Most owners of legitimate sites that have been compromised to support phishing attacks have no idea their site has been violated until some third party tells them, according to a recent survey.
But the cluelessness doesn’t end there. Nearly half of owners of compromised sites don’t know how the attack happened and most aren’t deploying well-known patches and other countermeasures. In the case of so-called chronic victims, those that have been attacked multiple times, two-thirds can’t say how many times their site has been compromised.
Yet online criminals are not letting up in their efforts to exploit legitimate sites to support phishing attacks, say officials with the Anti-Phishing Working Group, which conducted the survey. “Phishers continue to target legitimate Web sites because they are much harder for interveners to take down,” said Dave Piscitello, a research fellow at APWG and author of a report on the survey, in a statement. “Victims are not taking measures to secure their sites from attack, and they remain lax in monitoring against and mitigating attacks.”
In phishing attacks, criminals use e-mail blasts to gull unsuspecting recipients to visit Web sites where malware can be downloaded to harvest sensitive information, such as passwords, account numbers, and PINs, from victims’ computers. While these sites can be bogus, many phishers rely on phishing kits, e-mailing programs, or other code they’ve planted on legitimate sites.
The APWG survey, which canvassed managers of sites that had been targeted by phishers, compared two periods of time, late 2009 to March 2011 and March 2011 until July of this year. The survey found that in most cases, site officials were notified of the violation either by their Web hosting company or by victims of the phishing attack launched from the site. The number of self-identified exploits fell from the first period to the second, from just over 20% to just over 10%.

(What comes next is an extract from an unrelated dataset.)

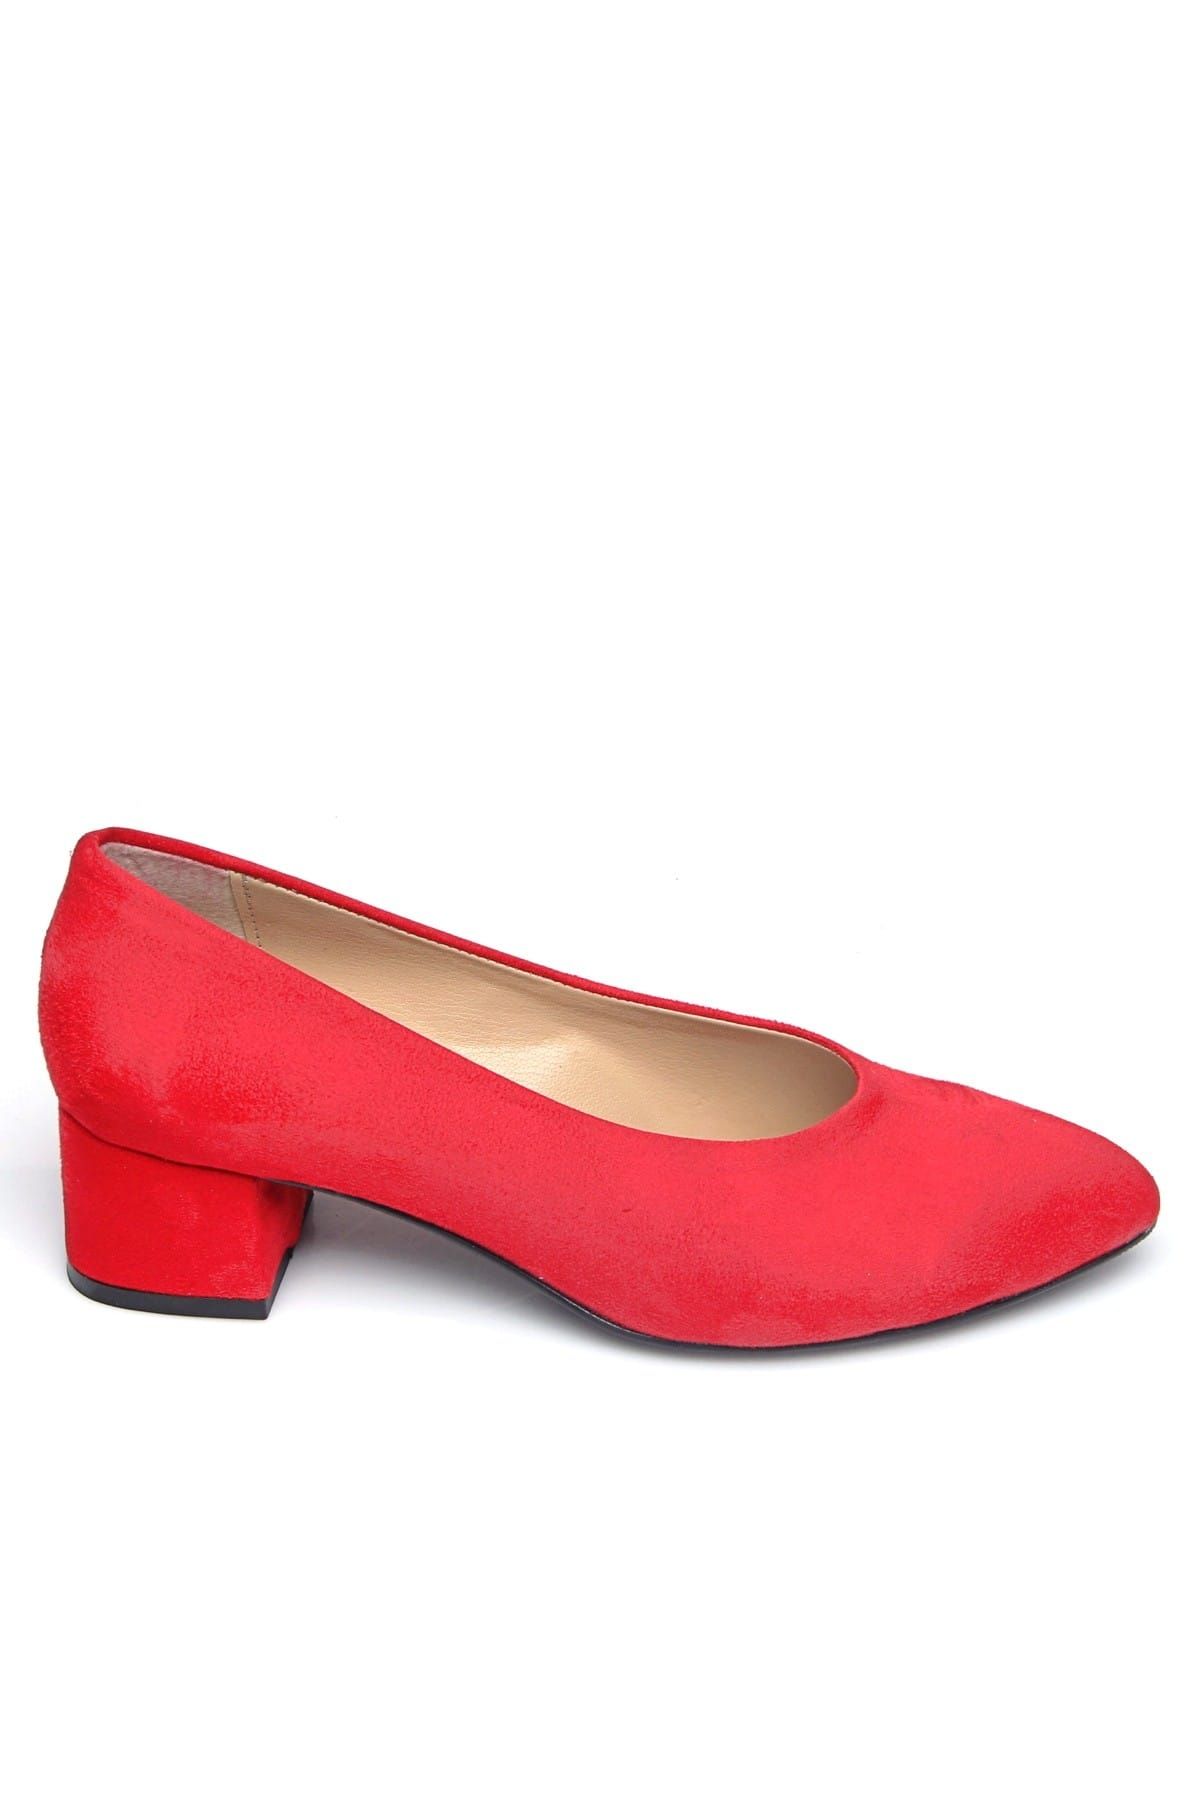 Shoes Time Kırmızı Kadın Topuklu Ayakkabı 19Y 2202

Site owners’ state of ignorance about compromises disturbs APWG officials. “We are concerned that hosting providers and site owners are becoming more complacent and vulnerable, and we urge administrators to be more proactive,” said Rod Rasmussen, co-chair of the APWG’s Internet Policy Committee, in a statement.
In both periods studied, more than 80% of managers responded by removing the pages installed by the phishers. Other steps reported included changing passwords for Web programs and for access to the Web server. In a minority of cases, either the manager or the hosting company shut down the site entirely.
But the time taken to remove phishing pages varied considerably, according to the survey. For both time periods, 40% of victims reported removing pages within a day, with the remainder taking anywhere from two to more than 14 days to expunge the offending pages. In a sizable number of cases–more than 25%– respondents said they simply didn’t know how long it took.
At the same time, fully two thirds of respondents with sites that had been violated by phishers more than once had no idea how many times their site had been compromised. And almost half of respondents in the later sample could not say how phishers had accessed their site.
Indeed, the frequency with which respondents couldn’t answer survey questions also concerns the APWG. “Take the frequency of ‘I don’t know’ responses…and factor in that the majority of attacks are reported by external parties,” said Greg Aaron, co-chair of the IPC. “Too little time or talent is invested to monitor and analyze Web traffic and visitor behavior.”
The APWG survey is still open and taking responses from managers of sites that have been compromised to support phishing attacks. The group expects to publish a full report on the results later this year.